Q: How will this affect my use of the GZ Staff app?
A: The original login will continue to work as-is. If you change your password in GZ, then you'll have to use the “Magic Link” in order to get logged in on the staff app going forward. But improvements are in progress for an updated staff app, and MFA is part of the plan.
Q: What if I use GZ as my identity provider for another application? Will that still work?
A: Yes. Using GrowthZone as your identity provider to access other applications will still work. No change there.
Q: Once MFA is set up, is it a problem if I change the access levels of my staff person to a different access level?
A: No. Access levels are not directly tied to MFA.
Q: I open lots of tabs when I work in GrowthZone.
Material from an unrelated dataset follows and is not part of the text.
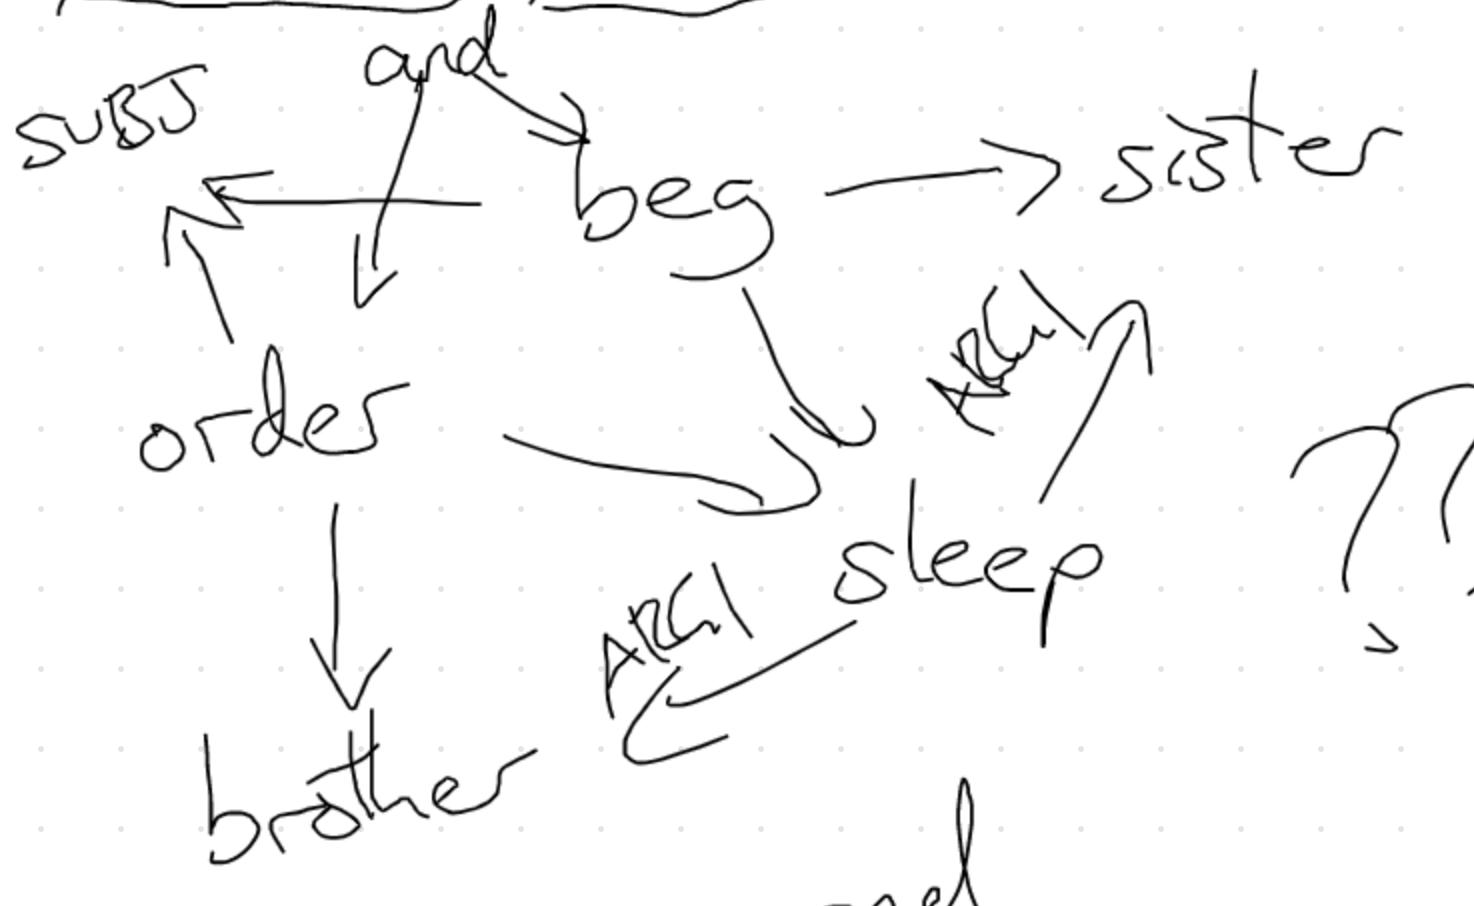 http://faculty.washington.edu/ebender/VirtualSummit/sleep-with-2-ARG1.png

Will I have to re-authenticate for each tab I open?
A: No. Opening new tabs will not require you to authenticate again.
Q: I often open an incognito browser window. How will that work?
A: The way you go about opening an incognito window will not change, but you will need to authenticate again in that new window. Unfortunately, inconvenience is sometimes the price of tighter security.
Q: Will I still be able to use the GrowthZone Clone environment that I’ve been directed to by GrowthZone staff?
A: Yes, but with one change. When you get to the Clone login screen, you’ll need to click the “Login via Production” button on the login screen. That will ensure that Clone knows to log you in using your MFA setup from the production environment.
Q: I’m a beta tester for the Community platform. Will this work for us?
A: Yes. The Community connection is handled via GrowthZone, so your connection will remain as it is now.
Authenticator App Questions
Q: If I set up MFA in my authenticator app, is there a way to remove that instance if I need to start fresh in my app or for some reason have an unneeded instance in my authenticator app?
A: Yes, each authenticator app will have a way to remove an instance that you no longer need. For example, with the Google Authenticator app on iOS, you can swipe right on the instance that you do not need. Then you will see a red "Delete" button. Tap it to remove the instance. For the Android version, swipe left.
Q: Can I edit the entries in my authenticator app?
A: Typically, you can. It will depend on which app you are using as to how to go about it. On the Google Authenticator app for Android, swipe right on the app in order to see an edit pencil icon.